2.1.1. Training Protocols
All participants had trained intensively for >10–15 h/wk for >5 years. AAS users and nonusers had started bodybuilding at approximately the same age (21.61 ± 3.04 versus 22.34 ± 3.68 years, resp., P = NS) and completed the same anaerobic isometric static exercises (4.94 ± 1.82 versus 4.73 ± 2.02 h/wk, P = NS). Maximum self-reported one-repetition squat results were significantly greater among AAS users (142.67 ± 19.09 versus 120.67 ± 21.61 kg, P < 0.05; Table 1).
Table 1.
AAS nonusers (n = 18) | AAS users (n = 15) | P value | |
---|---|---|---|
Sessions per week | 3.92 ± 0.86 | 3.67 ± 0.84 | NS |
Years | 8.64 ± 2.11 | 9.03 ± 1.94 | NS |
Starting age | 22.34 ± 3.68 | 21.61 ± 3.04 | NS |
Anaerobic exercise (h/wk) | 4.73 ± 2.02 | 4.94 ± 1.82 | NS |
Aerobic exercise (h/wk) | 3.11 ± 3.03 | 1.94 ± 1.82 | NS |
Maximal weight (kg) | 120.67 ± 21.61 | 142.67 ± 19.09 | <0.05 |
NS: nonsignificant.
2.1.2. AAS Abuse
An anonymous, self-administered questionnaire was used to investigate each athlete's clinical (diseases and medication) and drug intake history (type and timing of steroid use and other performance-enhancing drugs). Additionally, urine testing was performed by high-performance liquid chromatography coupled to mass spectrometry to confirm or exclude any recent consumption of anabolic steroids. Each AAS user admitted the current use of multiple AAS administered by intramuscular injection and/or orally. The orally self-administered drugs were oxymetholone and stanozolol, and the injectable steroids were nandrolone, stanozolol, and testosterone propionate. The mean duration of AAS use was 5.73 ± 3 years (range, 4–20 years). The mean weekly dosage of AAS was 1085.5 ± 354 mg.
2.1.3. Physical Examination and Laboratory Tests
All subjects were examined on an empty stomach. Height, weight, body mass index (BMI) (kg/m2), body surface area (BSA) (m2), heart rate, and blood pressure were measured. Venous blood samples were drawn from each subject, always in the afternoon between 1 and 2 PM, to evaluate serum hormone levels (testosterone, luteinizing hormone, follicle-stimulating hormone, insulin, T3, and T4), hematology (hematocrit, hemoglobin), and blood lipids (total cholesterol, high-density lipoprotein).
2.2. Echocardiographic Measurements
Echocardiography was performed in left lateral decubitus position with an ultrasound machine GE-Vingmed Vivid 7 system (Vivid system 7, GE-Vingmed Ultrasound AS, Horten, Norway) and 3S-RS (3.5 MHz) probe. Examinations were performed by a cardiologist who was blinded to the clinical details of each subject. Single-lead ECG was recorded continuously during the echocardiographic examination. Two-dimensional, M-mode and tissue Doppler images were acquired from the parasternal long and short axis and apical four-chamber views at end-expiratory apnea and were transferred to customized dedicated software package (EchoPAC, General Electric Vingmed Ultrasound) for offline analysis of stored data.
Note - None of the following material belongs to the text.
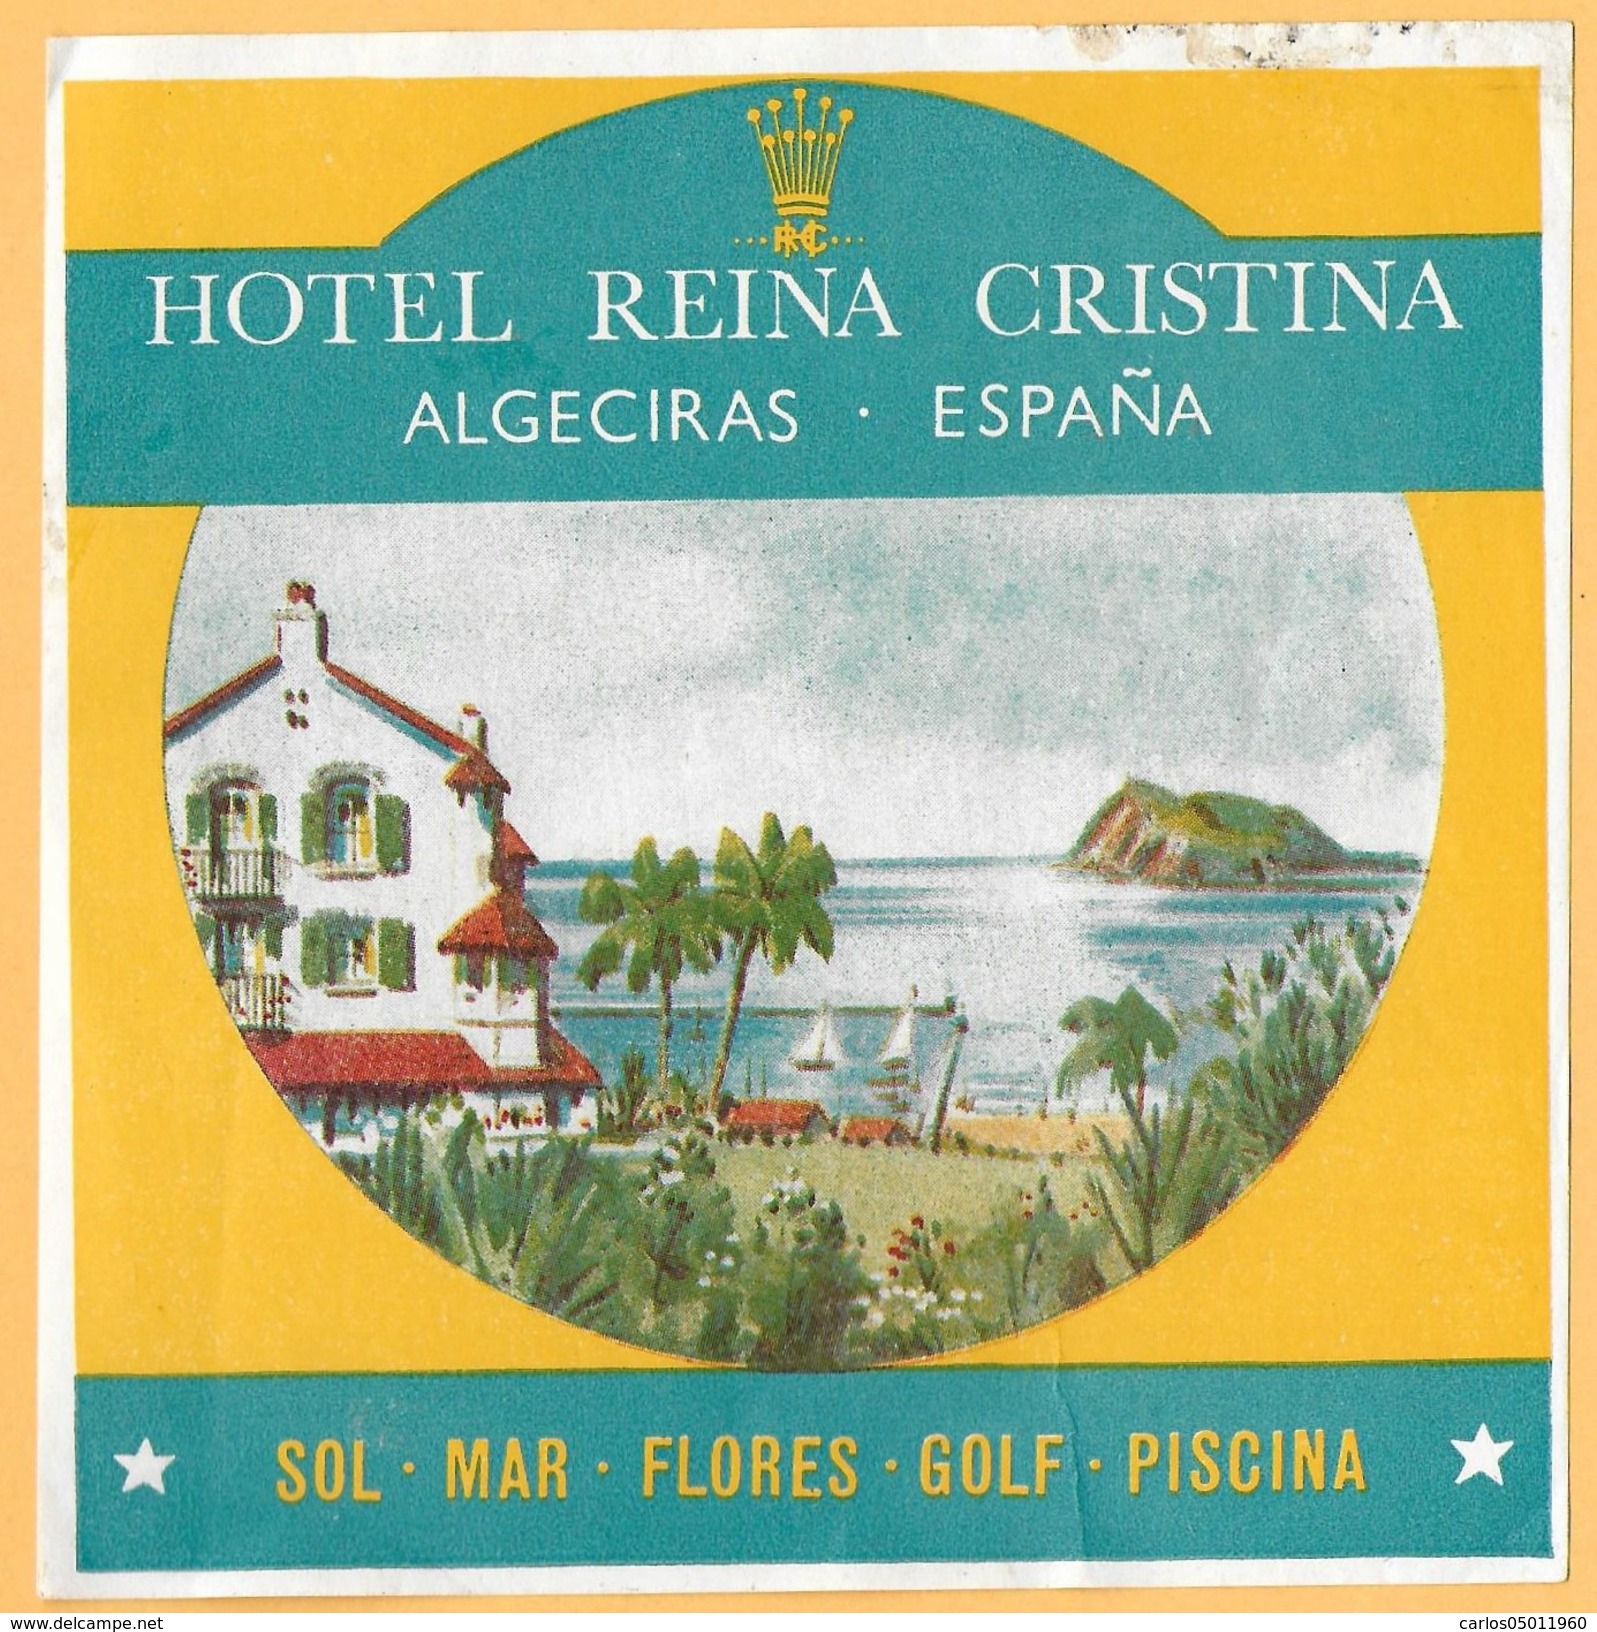 HOTEL LABELS / HOTEL REINA CRISTINA / ALGECIRAS / SPAIN / 01 - Hotel Labels
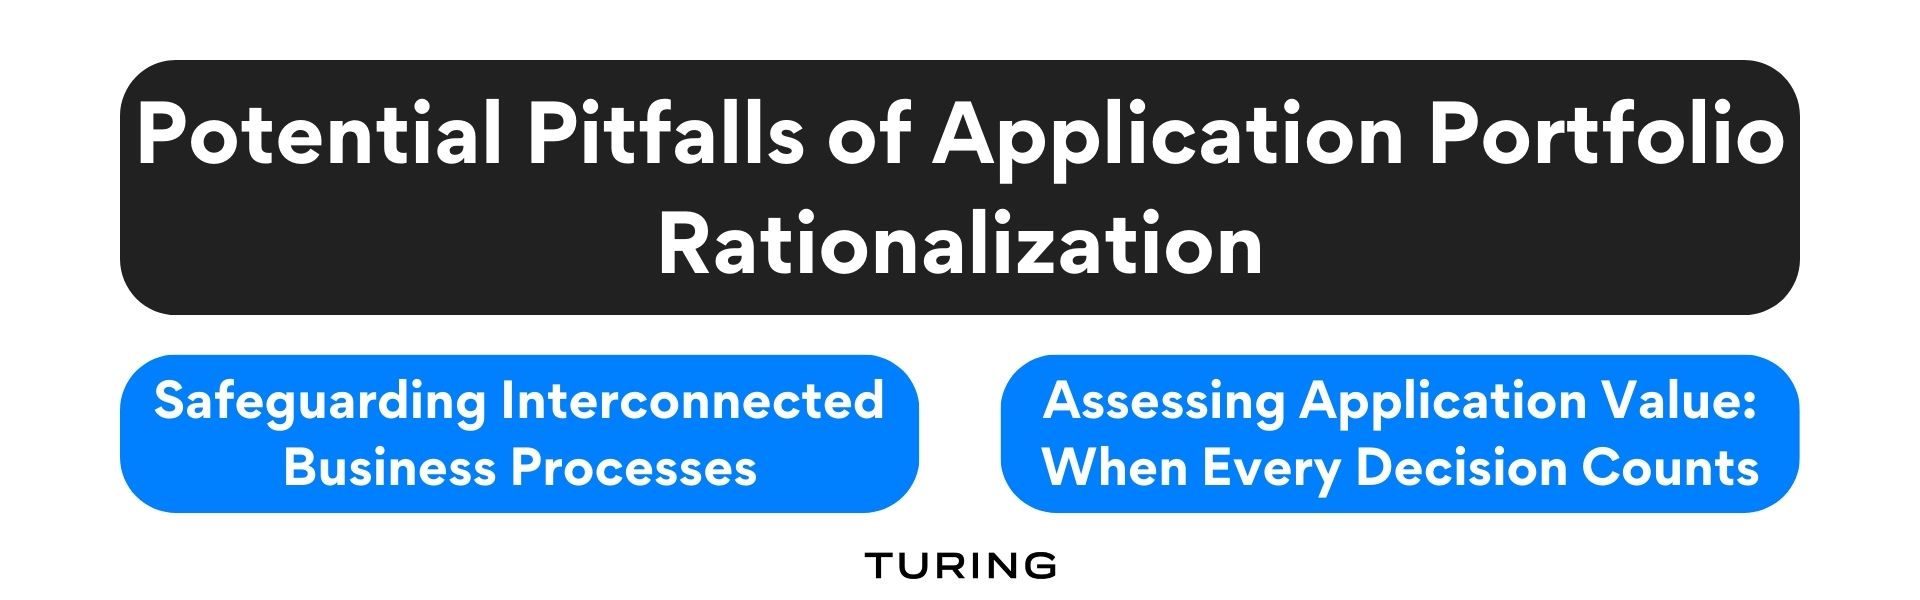 Potential Pitfalls of Application Portfolio Rationalization

All measurements were averaged from three cardiac cycles. 2D echocardiographic measurements were performed according to standards outlined by the American Society of Echocardiography [22]. Left atrium (LA), LV dimensions, and wall thickness were obtained from the parasternal long axis with an M-mode cursor positioned just beyond the mitral leaflet tips, perpendicular to the long axis of the ventricle. LV end-diastolic diameter (LVEDD) and end-systolic (LVESD) diameter, thickness of the interventricular septum (IVS), and posterior wall of the left ventricle (PW) were measured. LV ejection fraction was calculated according to the Simpson method [22]. For determination of LVM, the Devereux formula was used: LVM (g), 0.8 (1.04 ([LVIDD + PWTD + IVSTD]3 − [LVIDD]3)) + 0,6 (LVID indicates LV internal dimension; PWT, PW thickness; IVST, IVS thickness) [23]. Left ventricular mass index was calculated by dividing LVM by body surface area. LV hypertrophy was defined as an LV mass index >115 g/m2 in men, as recommended by the ASE and the EAE. The calculation of relative wall thickness (RWT) was performed using the formula (2 × PW)/LV internal dimension [22]. LA areas and volumes were measured in the apical four-chamber and two-chamber views at ventricular end-systole (maximum LA size) and mean values of area and volume were obtained. LA mean volume was indexed to body surface area (BSA) [22]. Mitral inflow velocities were evaluated by pulsed-wave Doppler echocardiography with the sample volume placed at the tip of the mitral leaflets from the apical four-chamber view. Diastolic peak early (E) and peak late (A) transmittal flow velocity, peak E to peak A velocities (E/A), and isovolumic relaxation time (IVRT) were measured [24].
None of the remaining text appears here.